И правильно сделал. Пировать нам всё одно не пришлось. Только уселись всей артелью за стол, нагрянули незваные гости. Вернее, в избу зашёл только один. (Двое других – дородные молодцы, статью не уступавшие нашему знакомцу Тарасу Будилихо, – остались стоять с секирами на плечах во дворе. Я думаю, оттого, что опасались из-за ширины своих плеч в дверь не протиснуться).

Зато, какой это был гость! Сам княжий мытарь – Мамай Яровзорович Дотошный. Личность примечательная, в городе известная, можно сказать – былинная. Все старогородские воры знали, если Мамай по какой улице прошёл, дань княжескую сбираючи, там ещё долго показываться незачем. Мало того, что никакой добычи не найдёшь, так ещё, коли изловят, не только за твои прегрешения поколотят, но и досаду, после свидания с мытарем появившуюся, на тебе выместят.

И вот сей грозный муж добрался и до бабкиной избы. Причём вырядился так, чтобы и самому неразумному стало ясно – не блинами с вареньем угощаться он пришёл. В красном долгополом кафтане с княжеским знаком – вышитой на рукаве птицей Рарог. С длинным пергаментным списком в руках. Зашёл без поклона и прямо с порога стал читать, временами поднимая голову от своей грамоты и с привычной цепкостью поглядывая по углам бабкиной светлицы:

– Так, артель "Золотая Рыбка". Ведьмина слобода. Подъездной двор. Дом Милонеги Шептуновой. Вид деятельности – мелкие услуги населению. Открылась восьмого дня месяца травня сего года. Не уплачены налоги: за разрешение на проведение работ – девять шелягов и за внесение в список одобренных князем промыслов – пять шелягов. Итого – одна гривна и два шеляга. Каковые подати следует уплатить до истечения последнего дня сего месяца. В противном случае артель надлежит закрыть, а самих неплательщиков – бить батогами.

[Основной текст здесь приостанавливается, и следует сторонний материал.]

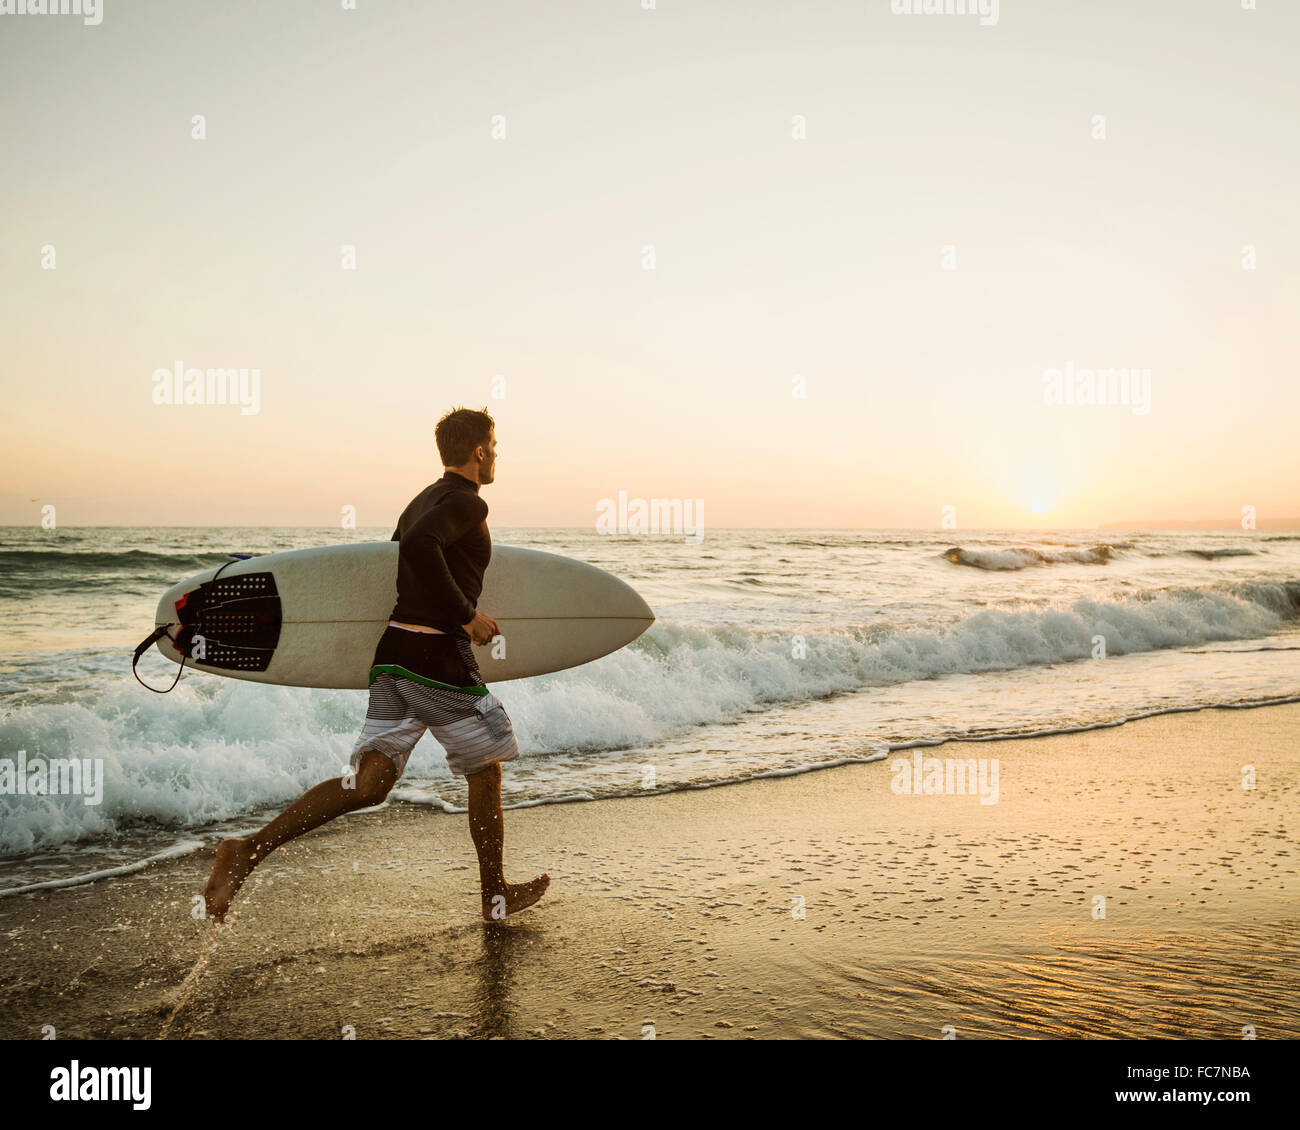 Caucasian man carrying surfboard on beach Banque D'Images

На том мытарь чтение завершил и спросил, пристально глядя, как мне показалось, именно на меня:

– Все уразумели?

– Погоди, отец родной! – запричитала бабка Милонега. – Где ж им, малым детушкам, взять-то такие деньжищи?

– А про то, бабушка, мне думать не велено. Так князь-батюшка распорядился и к указу перстень свой приложил. А я, слуга смиренный, лишь волю его выполняю, – ответил Дотошный, но ни смирения, ни сожалений каких я в его голосе не уловил. – И не забудьте потом ещё вносить в казну по пол-гривны ежемесячно.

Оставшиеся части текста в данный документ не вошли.